I step toward her. “What happened?”
She doesn’t meet my eyes. “Colton’s in trouble.”
I freeze at the sound of his name. “I see. You wouldn’t be here to see me if it weren’t about him. I’m only allowed in your life when you need something from me.”
“I know this isn’t fair.”
Not fair? I’ve felt like someone was slowly sawing me in half since the moment I saw that ring on her finger, and now she’s here because she wants my help. Fair is nowhere in sight. “Colton is always in trouble, Ellie. Don’t you see that yet?” I shrug. “And I’m out. He’s a big boy who makes his own choices.”

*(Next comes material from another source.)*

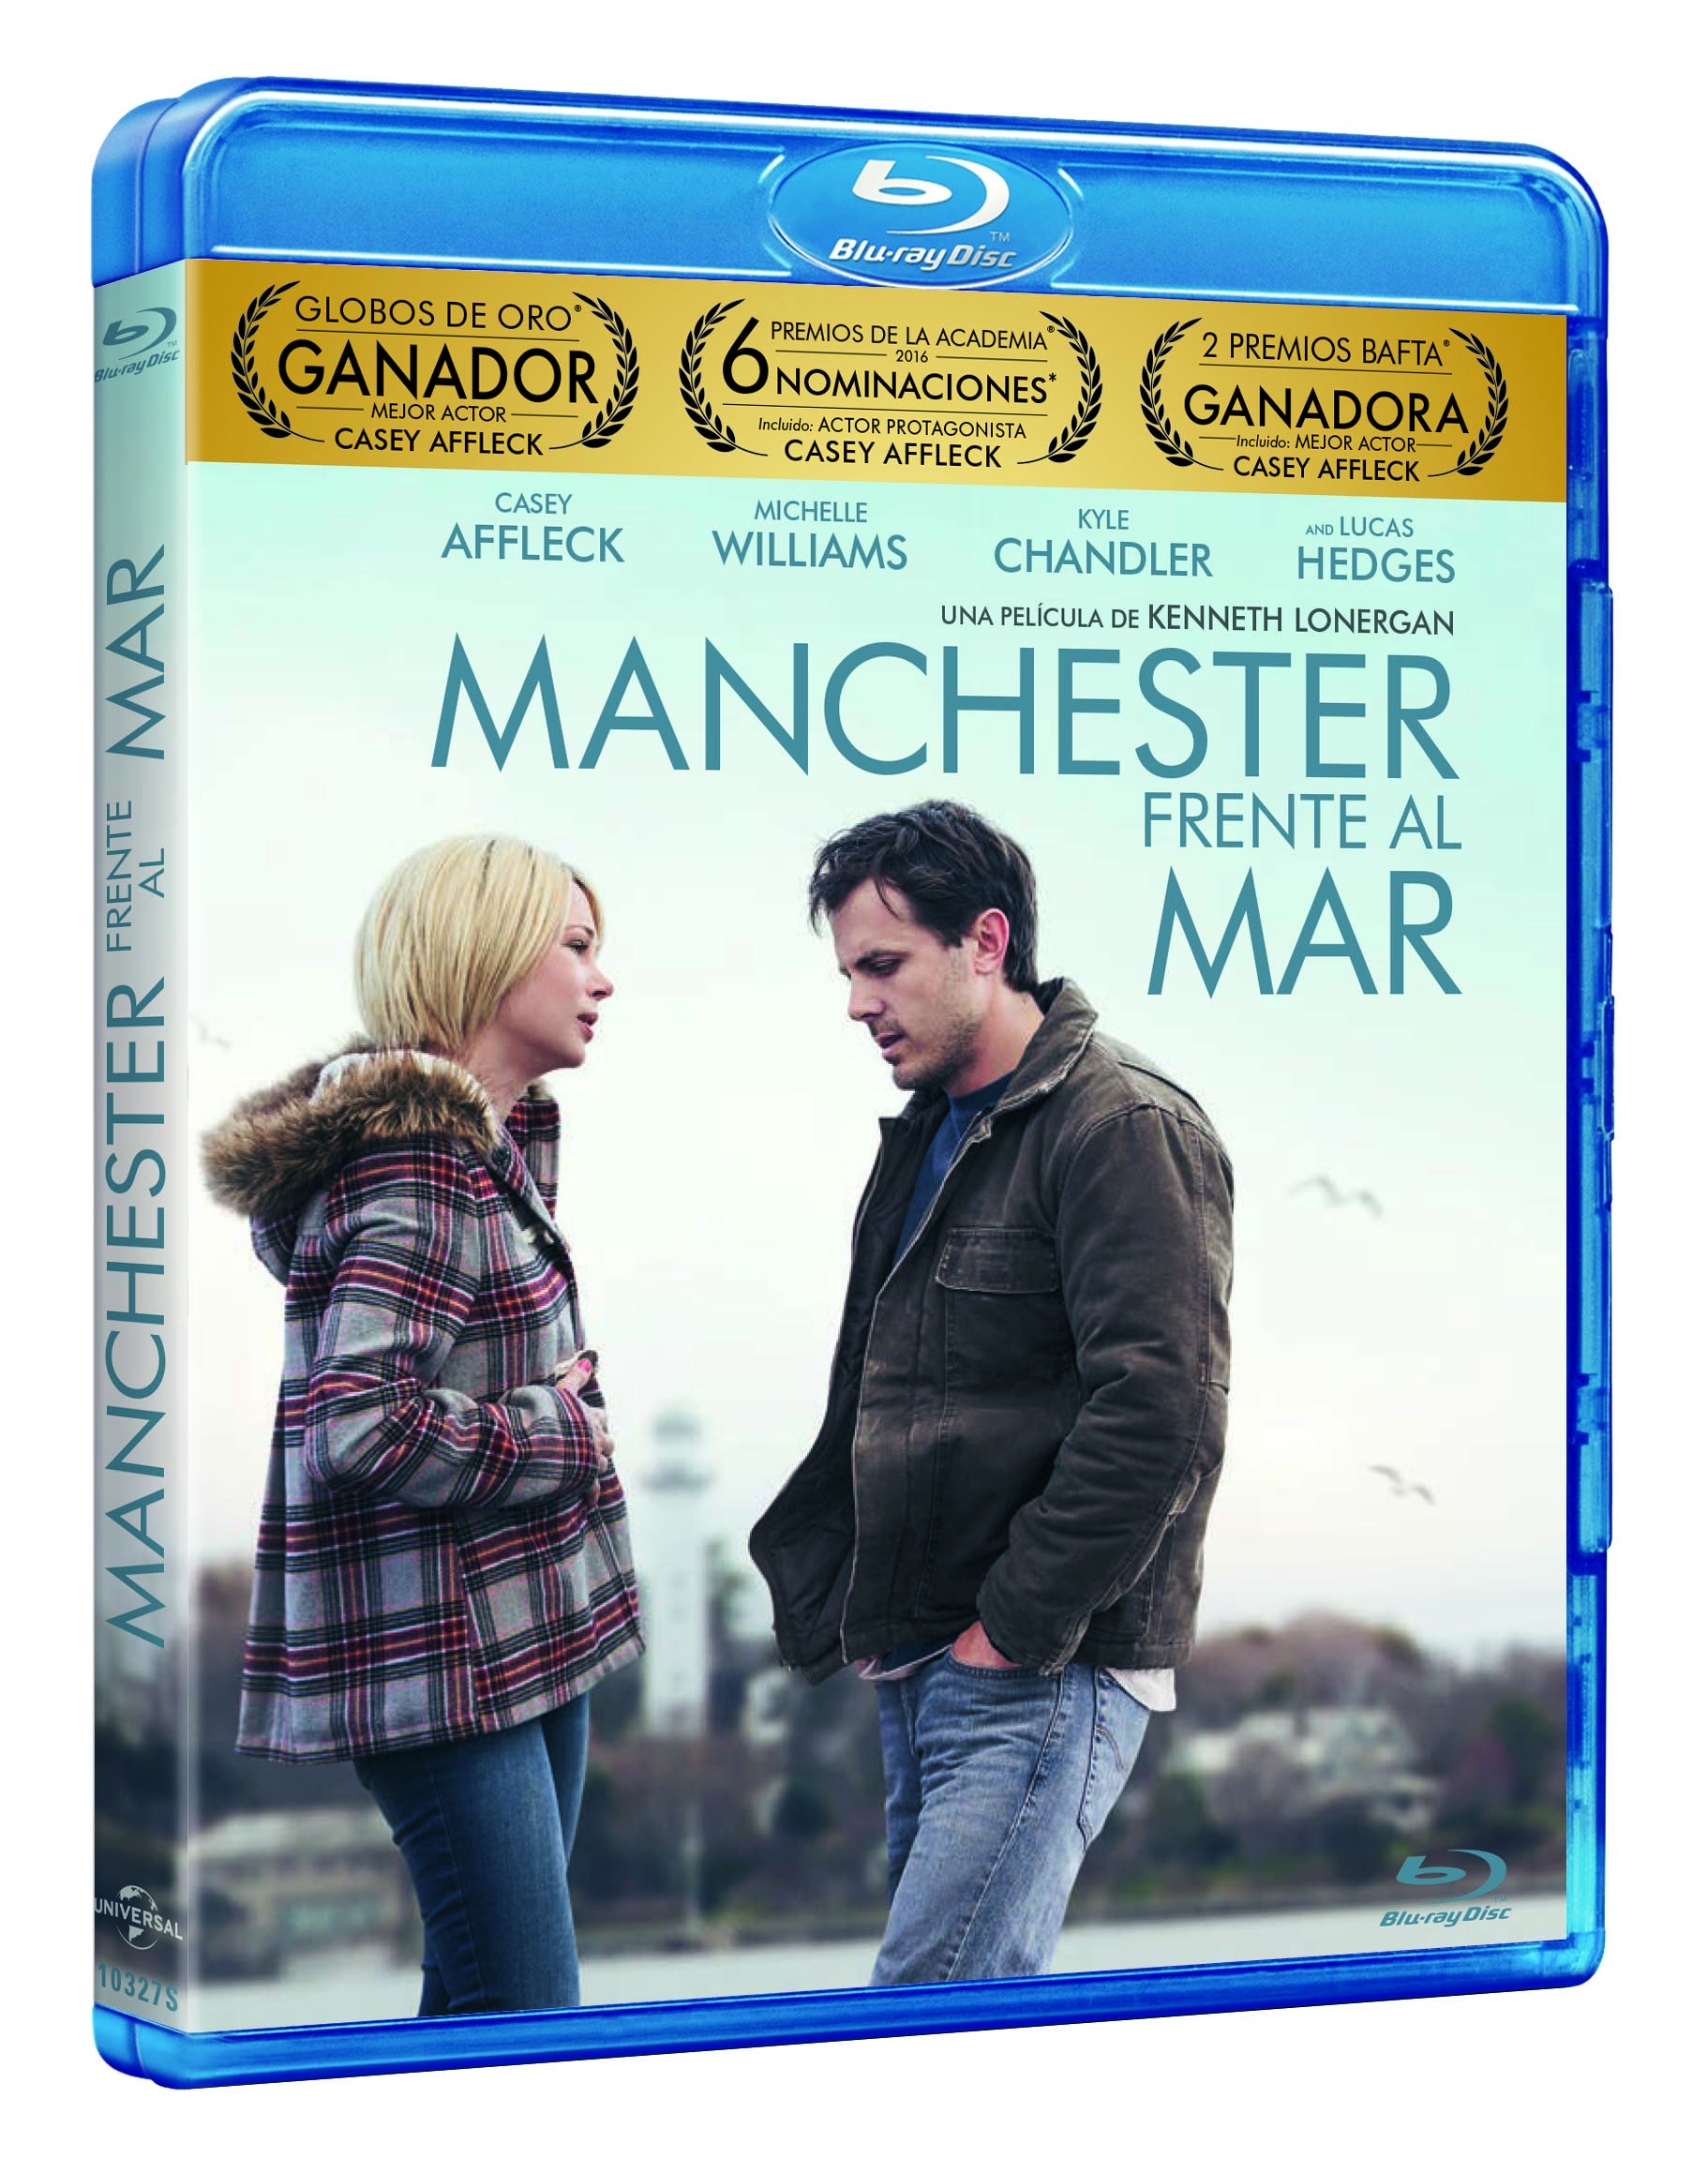 """""""Manchester frente al mar"""" en Blu-ray y Dvd el 7 de junio • En tu pantalla"""
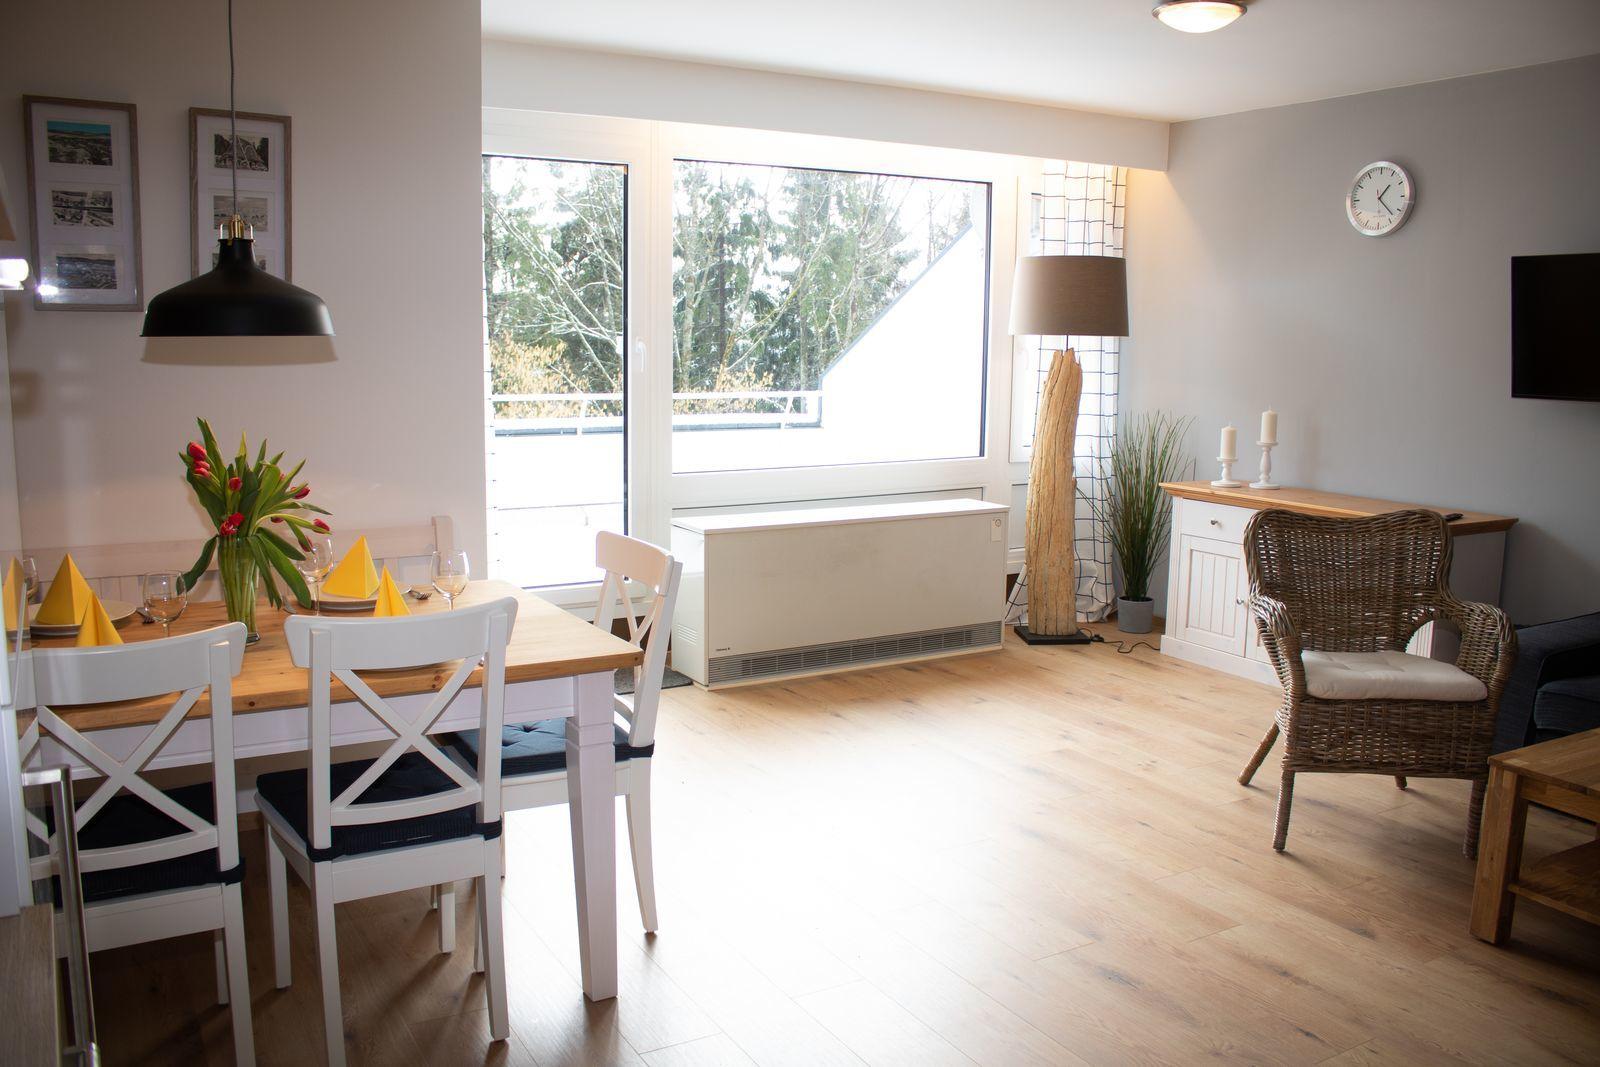 Apartement - Am Waltenberg 70-R

She jumps off the porch chair and rushes over to me, grabbing my hand and squeezing it. “This is different. He’s going to clean up. We just need to help him one more time. You know how dangerous his father is. I can’t do this on my own.”
I yank my hand from her grasp. “Fuck that. If you want to spend your life with a man who’s going to constantly need bailing out, that’s on you. But when you’re struggling to pick yourself up again next time or the time after that, just remember that you had a choice and you chose him.”
She steps back and lifts her chin. When she looks into my eyes, the dull blade in my chest twists. “Forget I said anything,” she whispers. “I shouldn’t have come.”
Then she walks to her car, and it takes everything in me not to chase after her.